He had behaved the better of the two, but everyone was glad to see him go—except old Sampson, to whom anything like ill-feeling gave genuine pain. He liked a placid world in which one could babble in amity about the moon. But to the rest Philbin was a bore. His Weltpolitik was uninteresting. His European cataclysm was a tale told by an idiot, full enough of learning, but signifying little or nothing. One could imagine baseball games on Mars, and make the matter realistic; but Philbin’s imaginings dealt in palpable absurdities. Even at Isham’s talk had limitations. Philbin had been a war correspondent in the Balkans, and they thought it had upset his mind.
Savelle affected to ignore his going away, and went on with his expounding of Twinkle Sampson’s discovery—so he was pleased to call it. He ridiculed Philbin’s criticism more fiercely than before. He, Sampson, had given a marvellously stimulating example, Savelle said, of what religious thought meant, that it was not in man to create, only in God. All that was human was imitation, even as man himself was God’s image. In truth, Philbin’s attack had stimulated him, and he talked that night better than he had ever talked. He felt that he had come off a second best in the encounter, and he determined to wipe out the remembrance from the memory of his hearers. Poor old Twinkle, hearing himself eulogized for the first time in his life, probably, sat in silence, winking almost tearfully, too amazed to be pleased.
And always after he made a point of emphasizing this theory of his—or of Sampson’s—as he called it. It became the rival in this talk of Christian economics. He did so without argument, for Philbin did not come back. A Futurist painter, who had found out Isham’s purely by accident, gradually took his place. At Isham’s places were always taken gradually. To make up for it they were generally taken for a very long time. Philbin’s was the first defection, in fact, since Twinkle’s low-toned monologues about the moon, with old Isham for the only listener, in the corner by the fireplace, had started it all eleven years ago. Philbin, too, had never been in very good standing; his trick of sarcasm hurt too many sensibilities. And then he was agnostic in everything, and Isham’s collectively believed in almost everything. Every man of them, except the Futurist painter who took his place and had scarcely known him, had some little hurt somewhere to remember him by, and so, of course, wanted to forget him.
They had almost succeeded, too, when suddenly that happened which brought his name up in all thoughts, the war. That night, the night when all rumors and surmises were solidified into the single, soul-stunning fact, nobody mentioned his name, though each knew the others were thinking of it. It seemed uncivil when they had each heard the rest make such fun of his theories. But after a few days some bolder soul broke the spell.
“Philbin—do you remember, he always prophesied it?”
But that was all, and Savelle sat silent even then.
In truth, the war changed Isham’s. Of course, it changed somehow almost everything in the world, but it changed Isham’s peculiarly. Before it had been a place where people went to talk of curious things, and now the same people went there—Sampson and Savelle and little Norvel and the Futurist painter, and old Isham himself was unchanged, nothing could alter him, and they still talked of curious things, more curious things than they had ever imagined before, but Isham’s had changed by ceasing to be different, because everywhere people were talking of the same things. Talk at Isham’s was just like talk on any street corner. In fact, the world had caught up with Isham’s.

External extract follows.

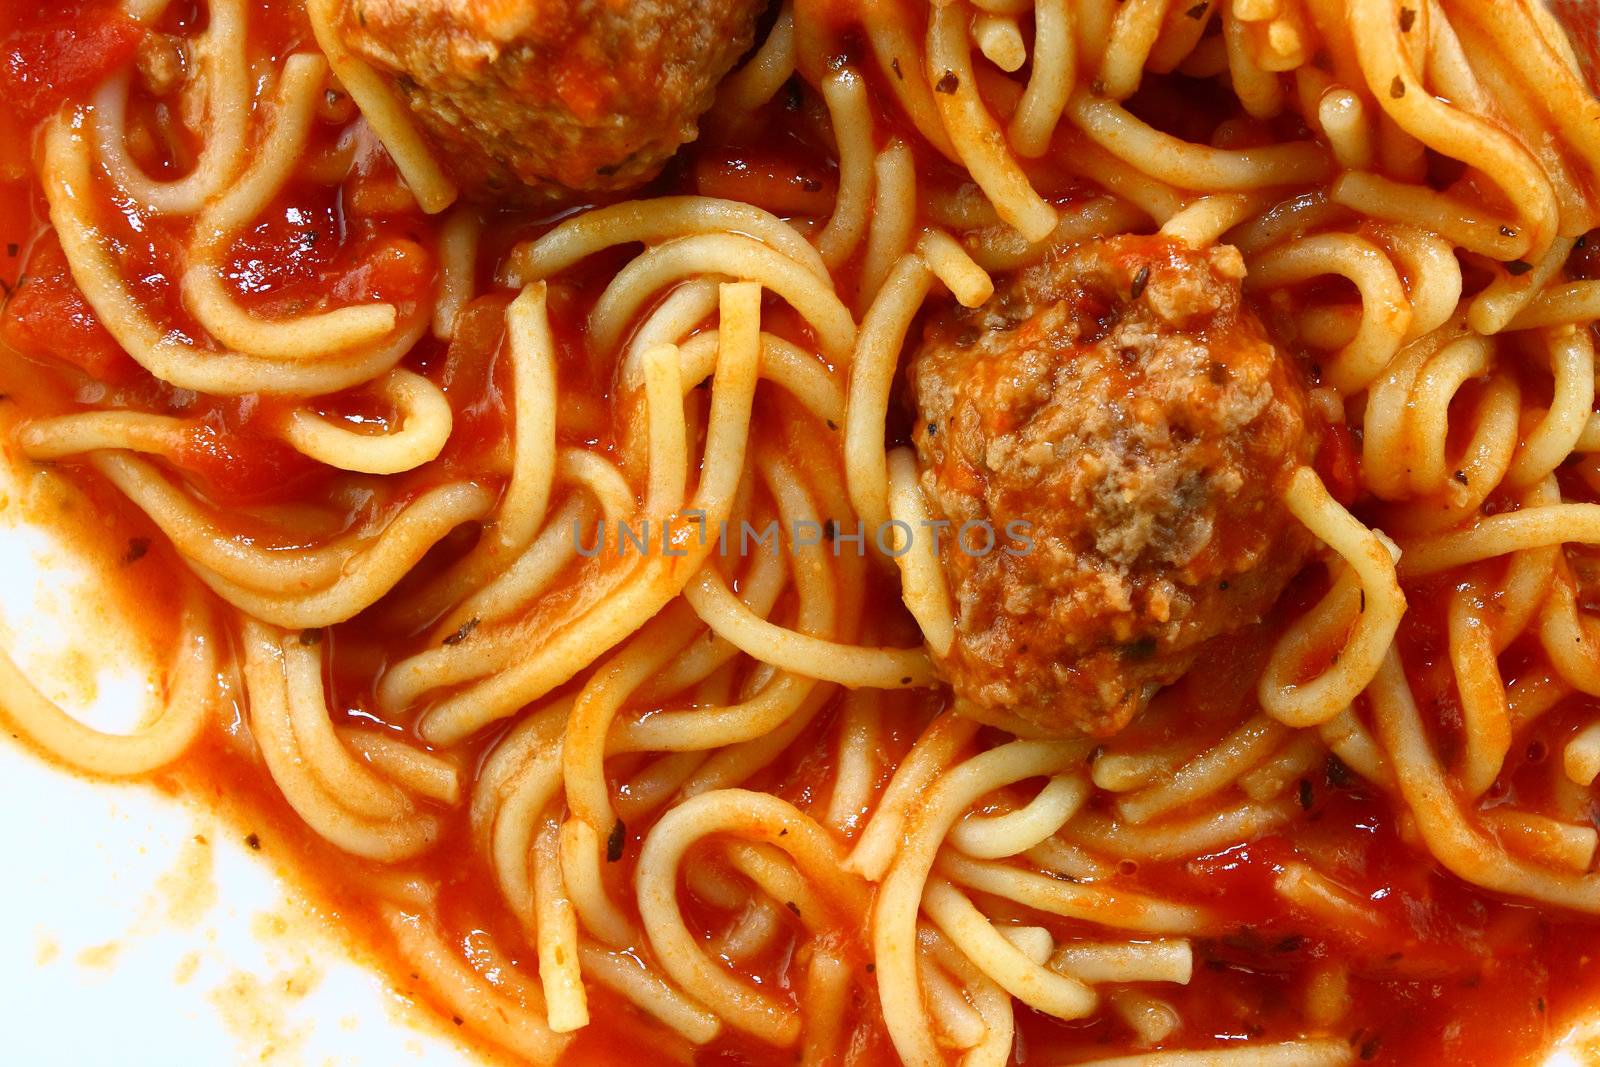 Spaghetti macro by Geoarts

Then one night Philbin did come back. It was in the second year of the great war, and it had been nearly five since he had gone away after his tiff with Savelle. He did not come directly into the back room, as he had been used to do, but dined by himself at a small table in front. He sat there a long time after dinner over his coffee, with his back turned to his old place. Every one of them had seen him and recognized him, and talk that night was slow. Though he had spoken to none of them and turned his back to them, each knew somehow that he would speak and that he had come there especially to speak, and that he would say something important, and they sat nervously waiting.
At last he did come, pushing back his chair and walking slowly up the room. They noticed then how he had changed. He had grown very much older. He had been scarcely fifty when he had left, and now he looked and walked like an old man, and his dress, which had always been very neat and careful, showed an old man’s carelessness. They all got up when he came and greeted him by name and with genuine cordiality. The little stings of five years since had vanished long ago. Savelle got up last and a little doubtfully, but it was Savelle he especially picked out.
“Ah, Savelle,” and he put out his hand.
Then he sat down in his old place and ordered more coffee and talked for a while quietly to his right-hand neighbor, who was little Norvel. He said nothing of himself and very little of any subject, seeming distrait and very depressed. After a little, abruptly he took the conversation in his own hands.
“Gentlemen,” he said, leaning forward with his hands folded on the cloth in front of him, “since I was here last I have had a very great sorrow. I have lost my son.”
Then he fell silent again, and apparently not hearing any of the things that were said to him.
“He was killed,” he began a second time, just as he had begun the first, “in Flanders, six weeks ago. He was twenty-two years and four months old. Before he died they pinned this on him.” He fumbled in his waistcoat, and picking out something threw it across the cloth over in front of Savelle. It was a little bronze cross known the world over, with two words on it, “For valor”. “I sent them my son and they sent me back that,” said Philbin.
It was the old Philbin voice—the same that had in turn galled each one of them.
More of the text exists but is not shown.